Fans who have come to sumo recently may not know how far out of the public’s minds sumo had wandered earlier this decade. The Japanese are proud people, and rightfully so. The nation of Japan and Japanese culture wield an oversized influence across the globe. They consider sumo to be their national sport, and it is in fact a sacred ritual. When it became clear that the top men of sumo were Mongolian for the foreseeable future, a section of the population lost interest. Sumo still had it’s fans, but it had become a sport dominated by outsiders, making it more like football (soccer) or any other imported event.

At the new years basho in 2017, this dynamic changed. For some time, the sumo association had wanted to promote Kisenosato, but lacked the final ingredient: a Yusho. In January, there was a confluence of events that gave Kisenosato his best chance ever at a tournament championship, and he took it. With his promotion secure, suddenly sumo had a Japanese born man at the highest rank. The public went absolutely insane for sumo and all things Kisenosato. He was Babe Ruth and John Glenn rolled into one. He had broken the lock Mongolia had on sumo.

March 2017 in Osaka, and Kisenosato is a freshly minted Yokozuna. The Japanese public is glued to their televisions, as the Osaka arena sold out all 15 days in mere minutes. In his day 13 match against Yokozuna Harumafuji, Kisenosato takes a hard fall off the dohyo and ruptures his left pectoral. Kisenosato is left handed by birth, and this injury robs him of his massive strength. Like every other sumo injury, nobody wants to talk about it. But the Japanese public (even if you are not a sumo fan) knows that the hero of Sumo is wounded. Somehow, he takes the yusho by defeating Ozeki Terunofuji not just once but twice on the final day. Again Japan erupts in jubilation as not only has their champion won his first tournament as Yokozuna, he overcame a grievous injury and prevailed against all odds.

After the party that follows a yusho, there were serious decisions to be made. Kisenosato had an injury that always requires surgery to heal. This would mean that the hero of sumo would be out of commission for at least 6 months, and even then might not ever return. This would remove the key figure that was driving interest in the sport back to where it belonged from the stage, possibly forever.

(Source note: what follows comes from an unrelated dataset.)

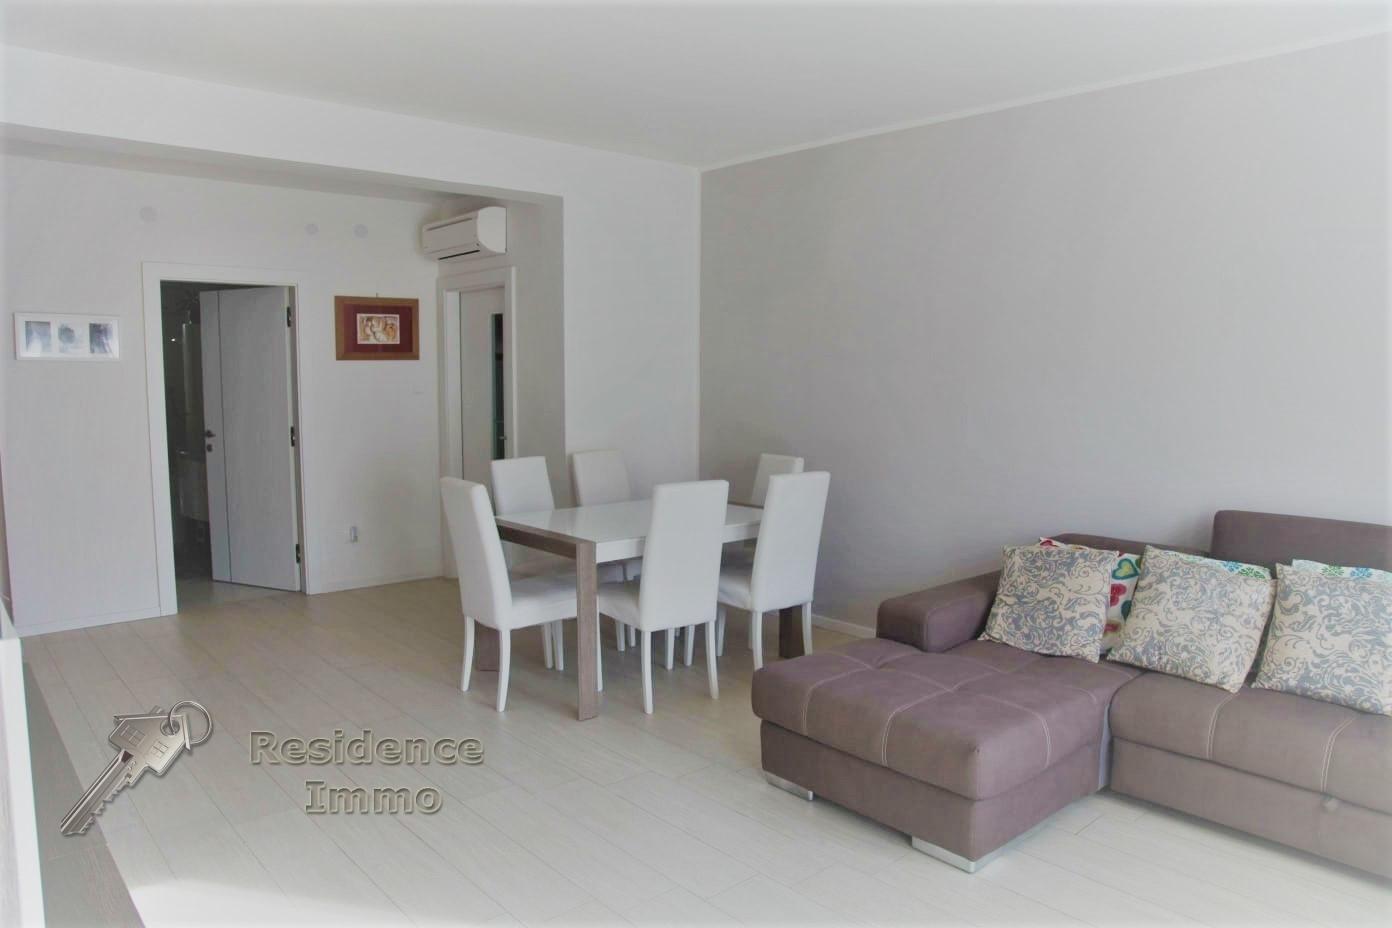 vendita appartamento bolzano residenziale  380000 euro  5 locali  118 mq

For whatever reason, the decision was made to try and “heal naturally”. This mean Kisenosato was to spend weeks resting his left upper body. He did not train much, and he was to do everything he could to not use that muscle group. Anyone who has trained athletically can tell you, over a period of weeks of non use, the related and supporting muscle groups de-condition, and lose their power. By resting, Kisenosato was losing the strength and stamina that had made him Yokozuna.

For the past two basho, he has tried to compete, but he is completely out of shape now, and most likely that pectoral muscle is still damaged and generating a faction of its former power. Kisenosato cannot compete in his present physical form, and that form cannot change without medical intervention.

So the question is – what do to? All of the answers have huge down side. Here are a few

  • Continue to wait and hope – So continue to “heal naturally” knowing that every day that goes by without intense strain on the left upper body diminishes your strength. Medically, there is no way to naturally heal a pectoral tear. So Kisenosato never regains left side upper body strength. We get a sub-standard Yokozuna lingering in the shadows (like Kakuryu) but instead it’s your Japanese born hero rikishi. Eventually (probably later this year) he is pushed to retire due to lack of performance.
  • Medical intervention – You take your prize Yokozuna to the best sports medicine doctors in the world, and just tell the fans he’s gone for 6 months. Surgical repair of the pectoral and any other nagging bits that were plaguing him. Hakuho did this for the big toe on his right foot, and he had to train like a madman for months just to step on the dohyo and not embarrass himself. It took him a year to return to 90% of his former glory. For Kisenosato this would likely mean intense physical therapy and endless workouts with Takayasu to try to get back to the form that won Hatsu 2017.
  • Admit you are done – Ugly solution, but if you are not going to try surgery to fix your left upper body, may as well go intai now and save yourself further damage or the fans any further disappointment. This would be a nightmare scenario of the sumo association, as it would return them to the days of being considered a foreign dominated sport.
  • Hold the fort – The most cruel of the outcomes, Kisenosato can continue to compete as best he can until another Japanese rikishi is ready for promotion. The most likely candidate would be Takayasu, although Goeido 2.0 could get it done sooner. This would allow the sumo association to shift everyone’s affections to a new hero, and Kisenosato could quietly bow out and retire.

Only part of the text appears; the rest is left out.